Manus Island detention movie premieres in London

8:35 pm on 9 October 2017

A movie secretly shot in Australia's immigration detention centre on Papua New Guinea's Manus Island has had its international premiere at the London Film Festival.

An image from the movie, Chauka, please tell us the time.

An image from the movie, Chauka, please tell us the time. Photo: Arash Kamali Sarvestani

Chauka, Please Tell us the Time highlights the plight of about 2000 refugees and asylum seekers who have been marooned for four years on Manus and Nauru.

Its co-director, the Kurdish journalist and detainee Behrouz Boochani, says the movie speaks for Australia's detainees.

"This movie is our voice and we want people around the world to hear it," Mr Boochani told the Thomson Reuters Foundation by phone from Manus, where he has been held since 2013.

Canberra's hardline immigration policy requires asylum seekers intercepted at sea trying to reach Australia to be sent to Manus and Nauru for processing.

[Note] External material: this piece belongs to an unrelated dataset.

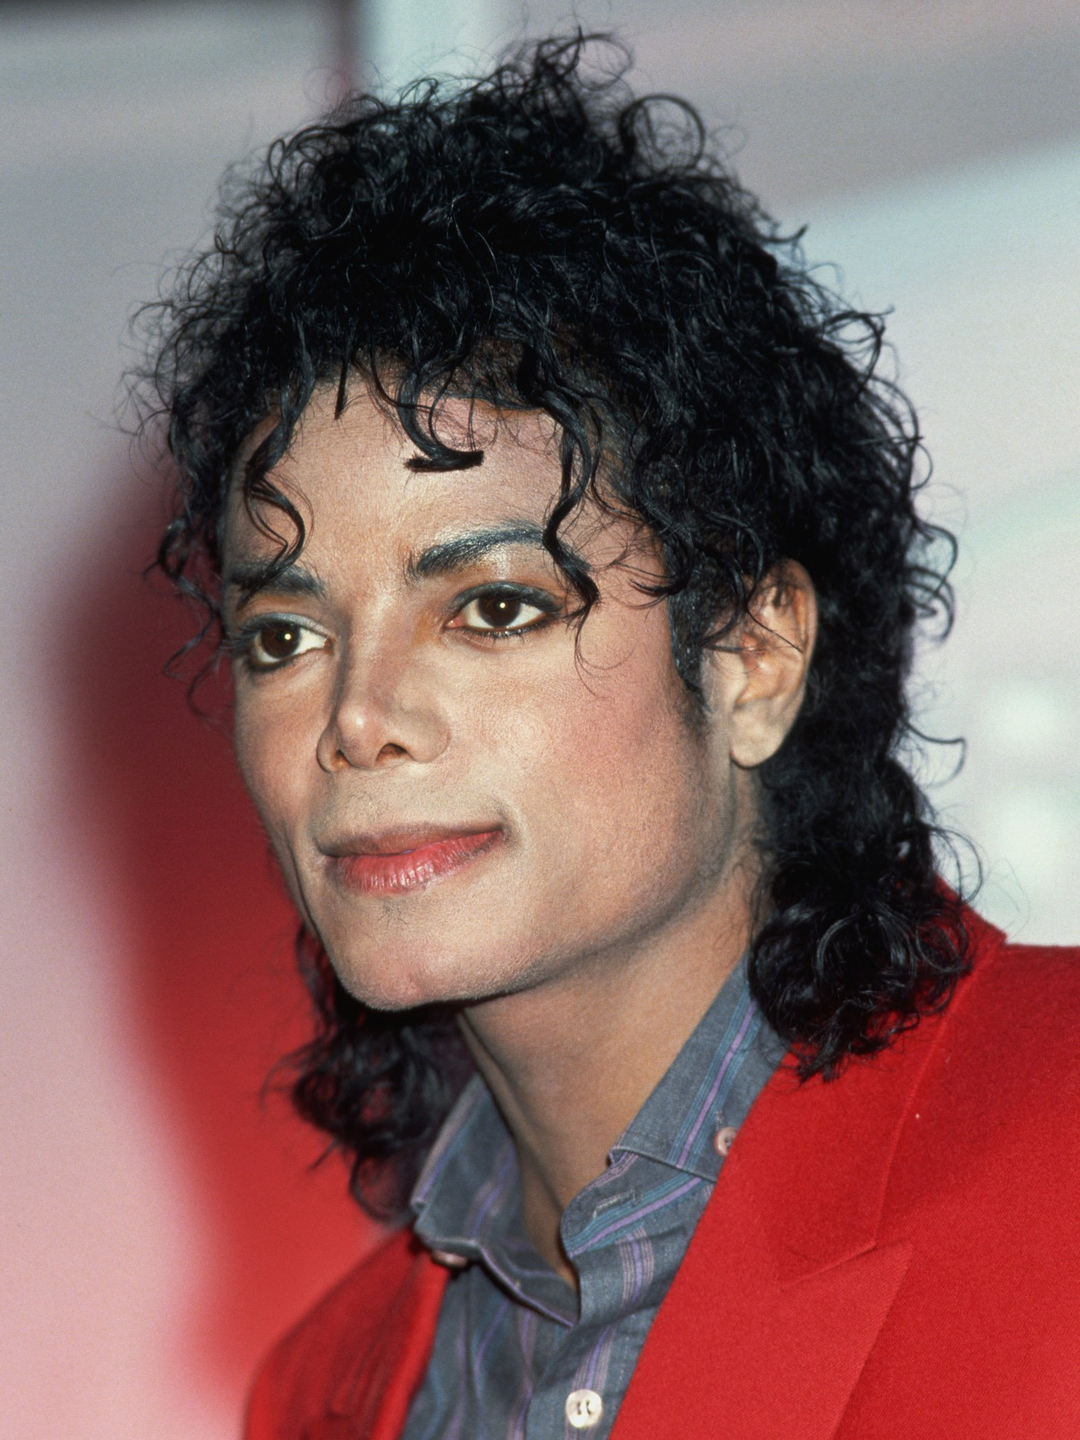 Michael Jackson dating history
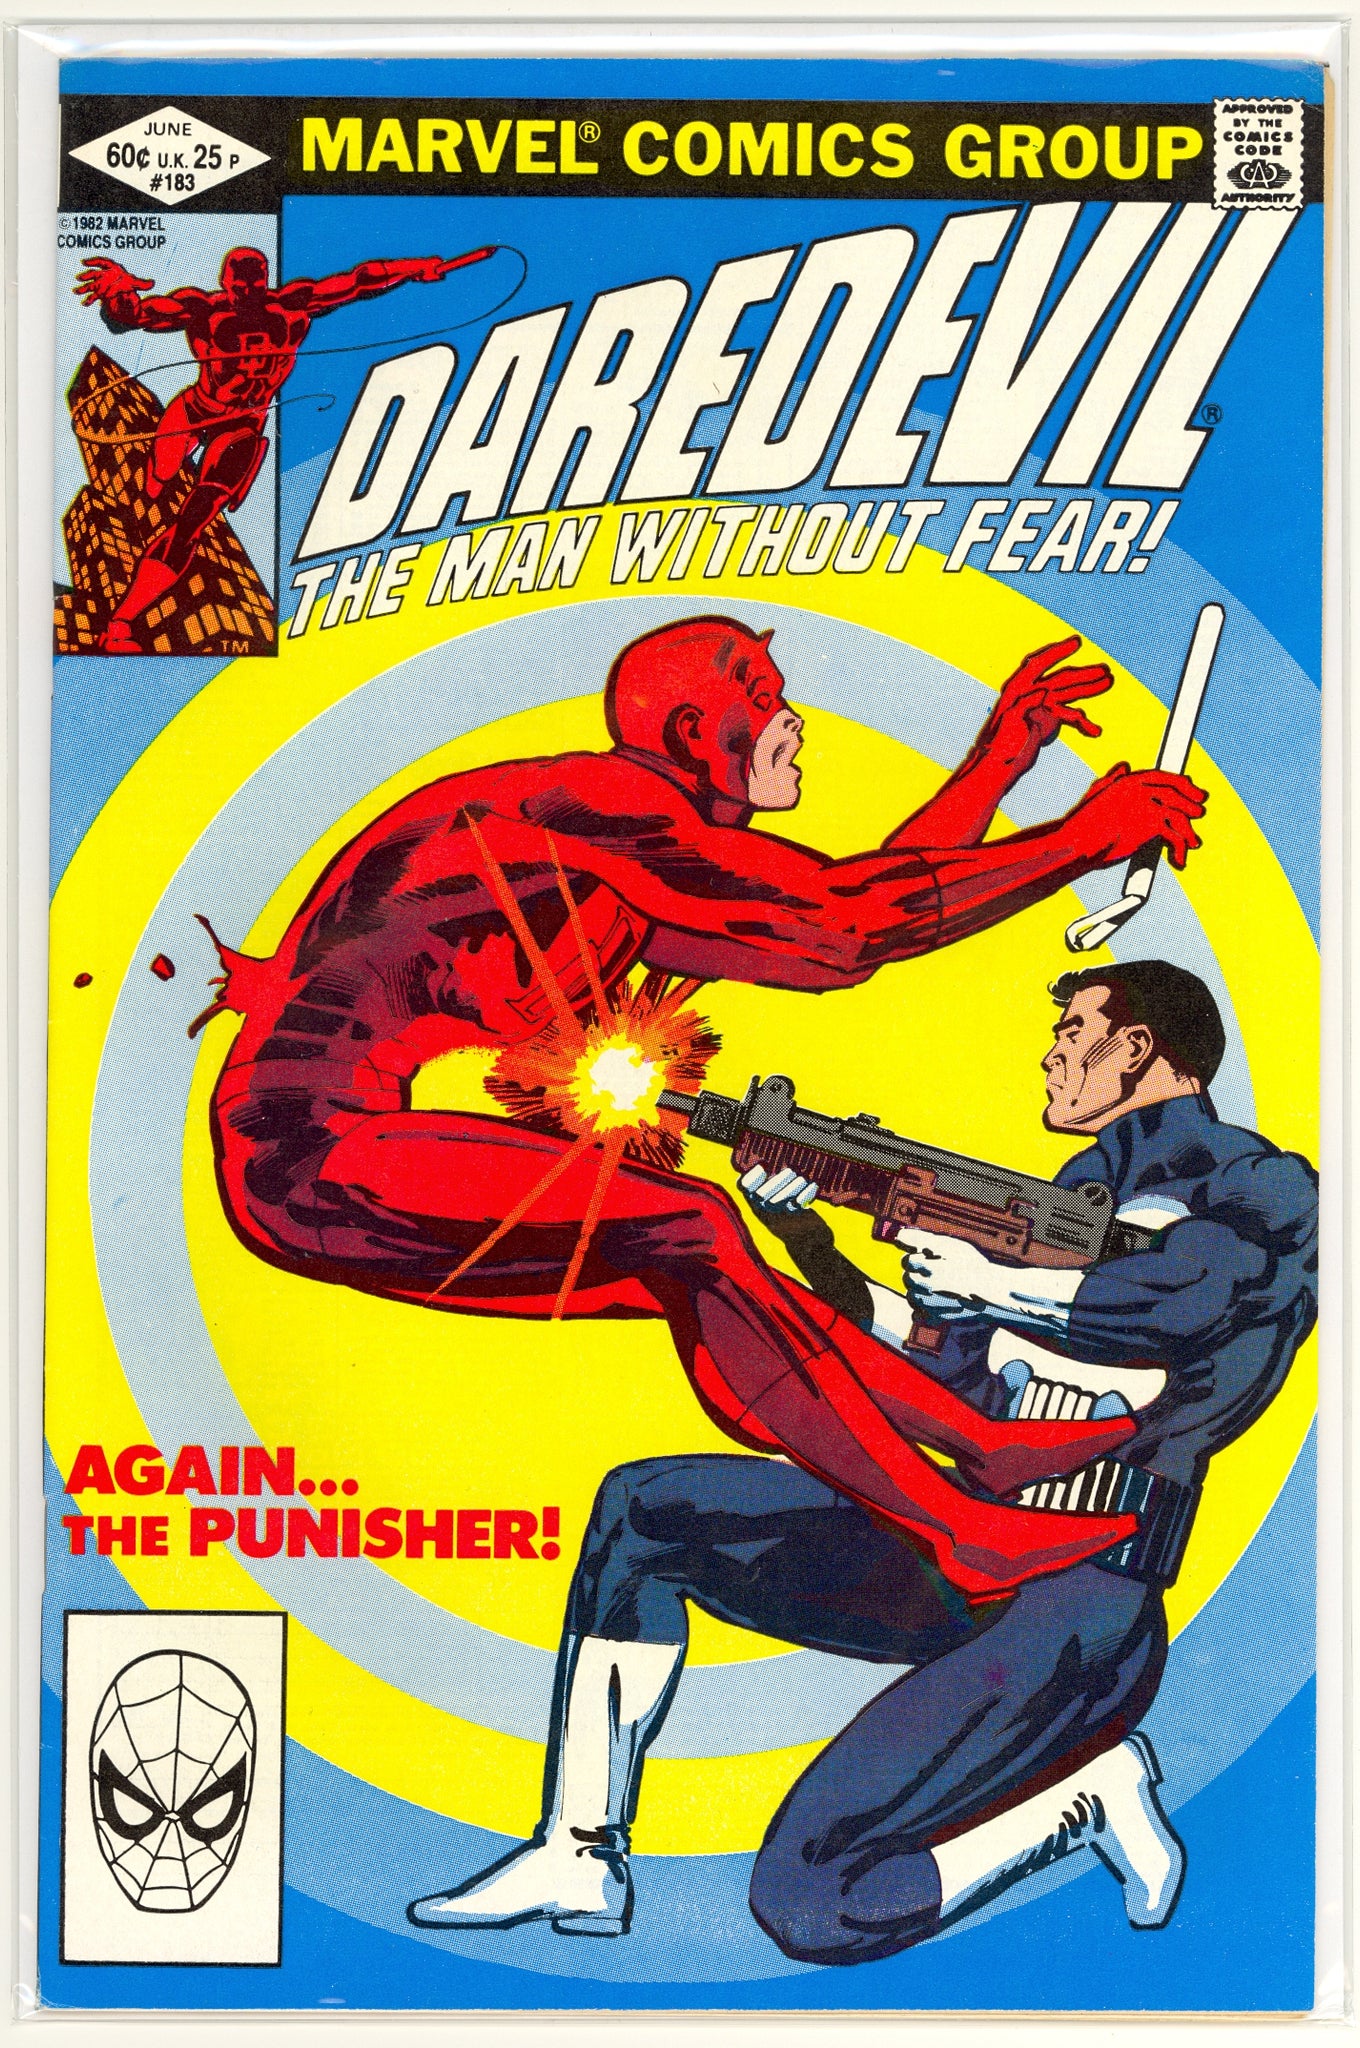 Daredevil #183 (1982) Punisher

In reality they are incarcerated indefinitely and told they will never be settled in Australia.

"People are dying on this island," said Mr Boochani, referring to the alleged suicide of two asylum seekers in 2017 and the deaths of four other detainees.

He filmed the documentary on a mobile phone and sent it in short clips via WhatsApp to his Amsterdam based co-director Arash Kamali Sarvestani.

The movie shows asylum seekers struggling to cope with the camp's monotony and prolonged separation from their families, while a journalist investigates reports of ill-treatment in a solitary confinement unit named Chauka after a local bird.

Interviews are alternated with stark, silent shots of a butterfly, a kitten or children playing on the other side of the security fence separating the camp from the outside world.

"We wanted to make it poetic, we wanted to give space to the audience to think," Mr Sarvestani said.

Mr Boochani was prevented from attending the London premiere despite an invitation from festival organisers and a letter of support from Australian Senators.

He and Sarvestani have never met in person.